= B. Satyaji Rao =

Indian Test cricket umpire (1929–2021)

B. Satyaji Rao (16 October 1929 – 28 September 2021) was an Indian Test cricket umpire.

He was born in Bangalore, British Raj. He was an umpire in first-class cricket from 1956 to 1981. He umpired the final of the Ranji Trophy five times – 1963–64, 1966–67, 1970–71, 1971–72, 1975–76 – and the final of the Duleep Trophy four times – 1964–65, and three years running, 1971–72, 1972–73, and 1973–74.

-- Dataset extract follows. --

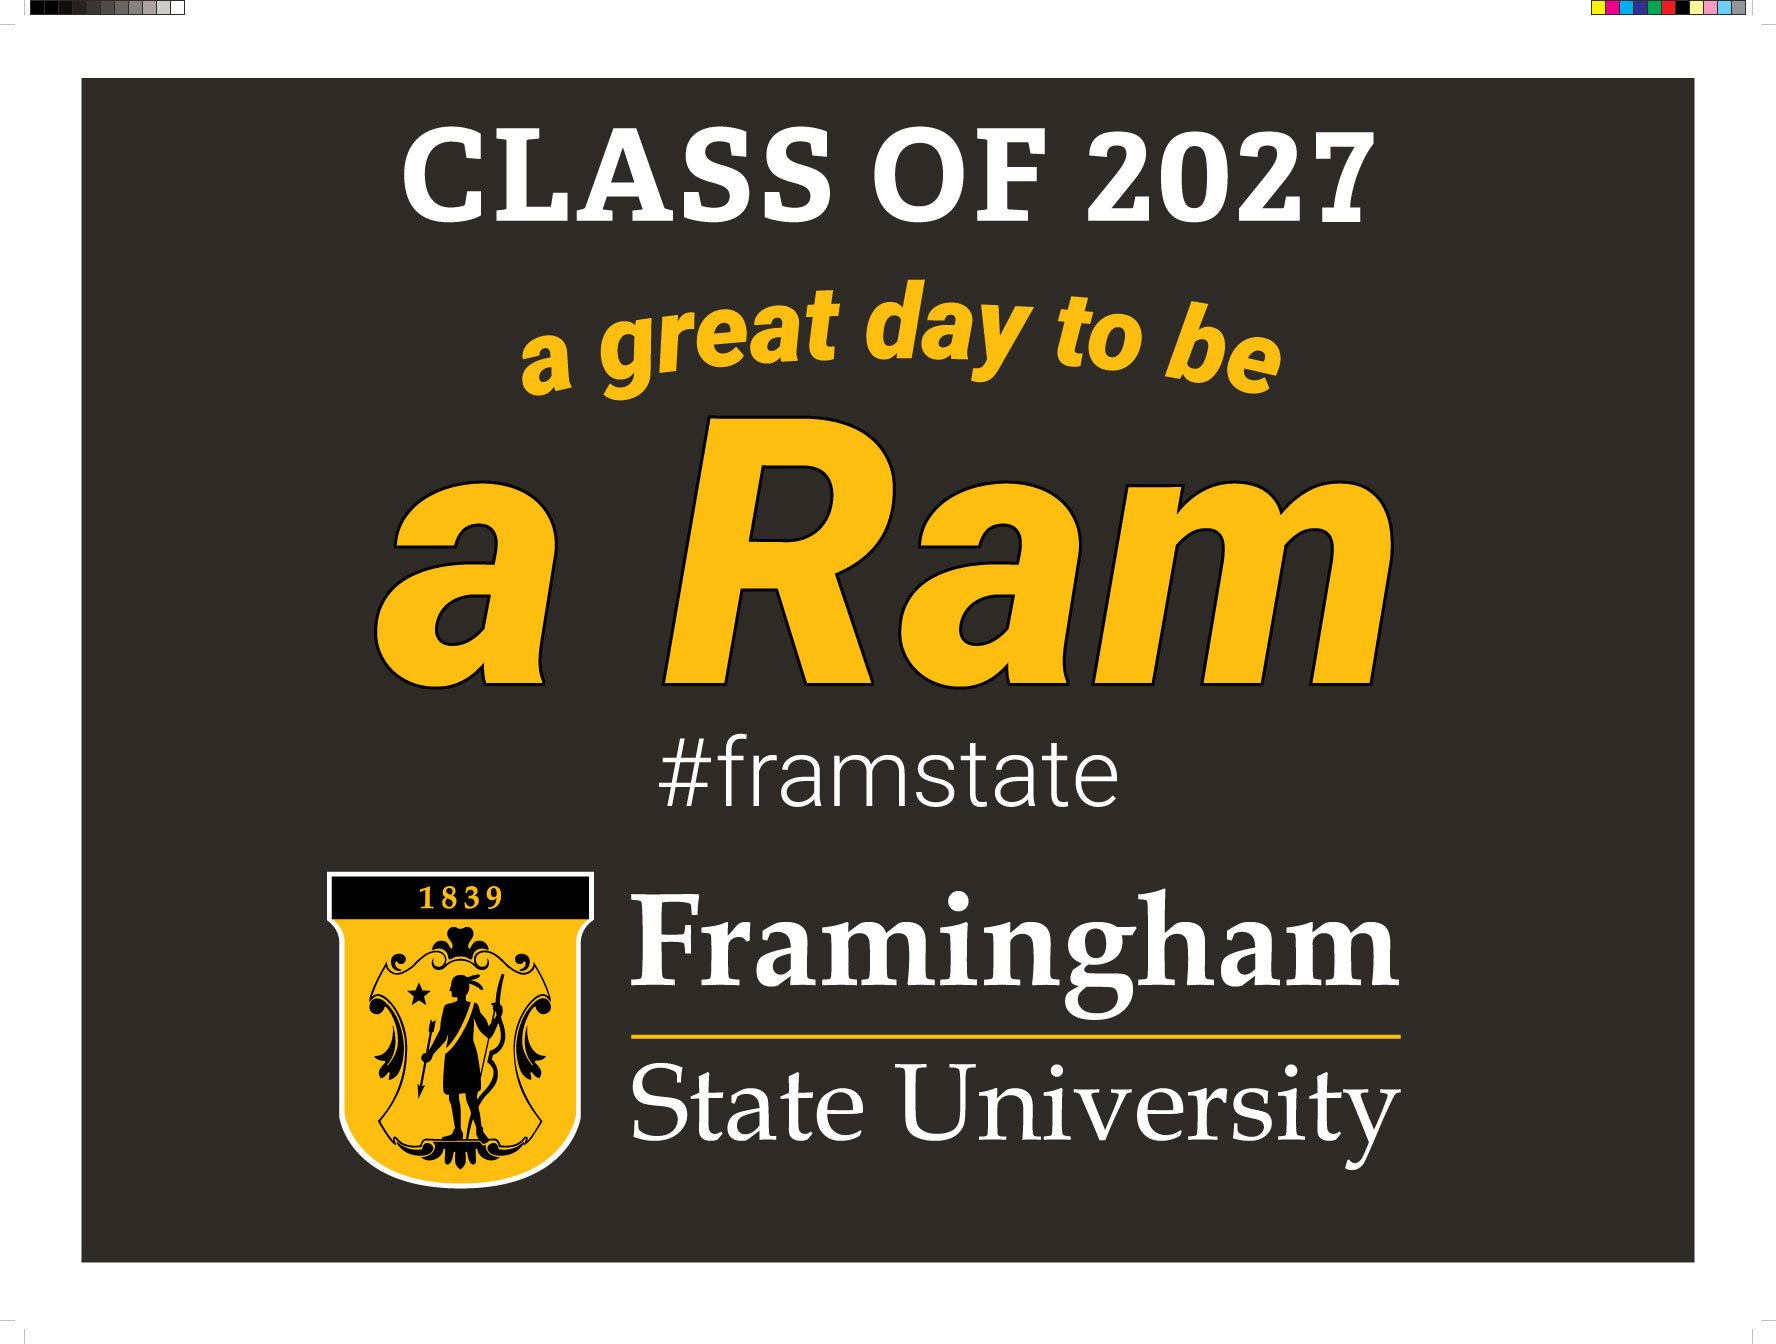 A great day to be a Ram, Class of 2027, Framingham State University, #framstate

He stood in 17 Test matches between 1960 and 1979, setting an Indian record subsequently equalled by Swaroop Kishen in 1984 and then surpassed by VK Ramaswamy (26 matches between 1985 and 1999) and Srinivasaraghavan Venkataraghavan (73 matches between 1993 and 2004). All of the Test matches he umpired were played in India.

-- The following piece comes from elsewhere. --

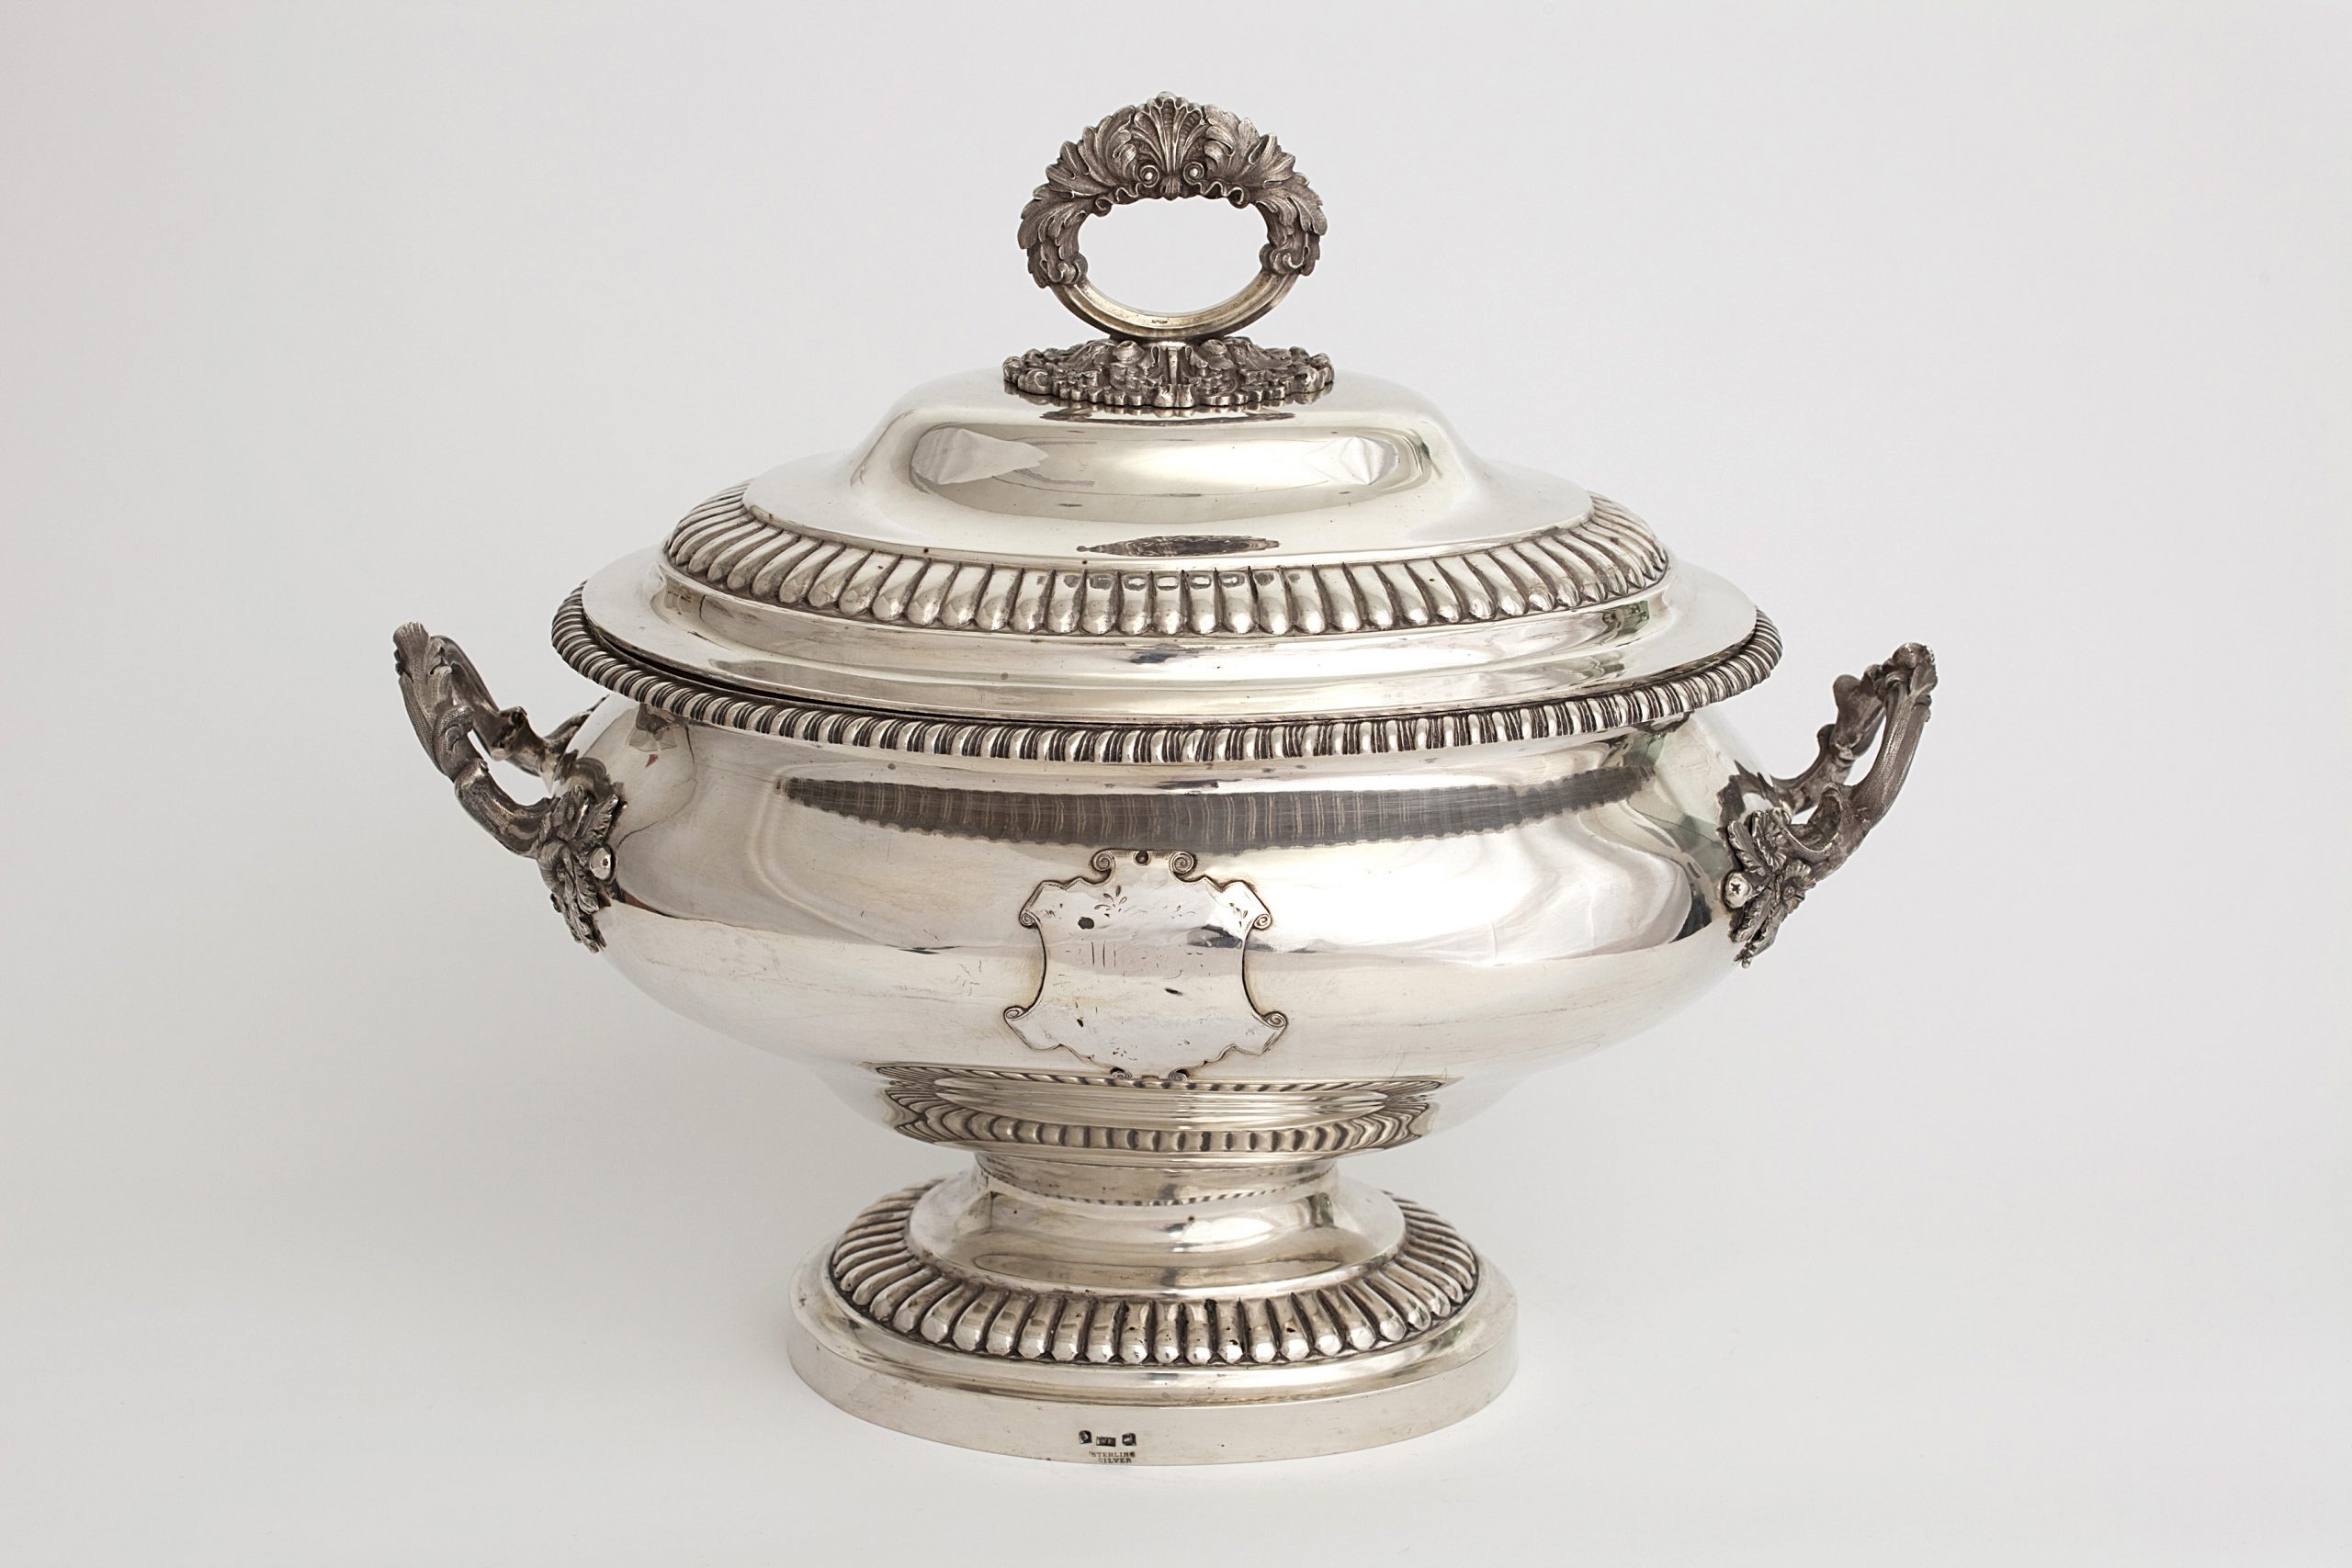 Ornate silver soup tureen embellished with petal shapes, scrolls, and floral fittings

He first stood as a Test umpire in the 3rd Test between India and Pakistan at Eden Gardens in Calcutta in December 1960, with Santosh Ganguli. His last Test as an umpire was the 6th Test between India and West Indies at Modi Stadium in Kanpur in February 1979, with P. R. Punjabi.

B. Satyaji Rao died in Bengaluru on 28 September 2021 at the age of 92.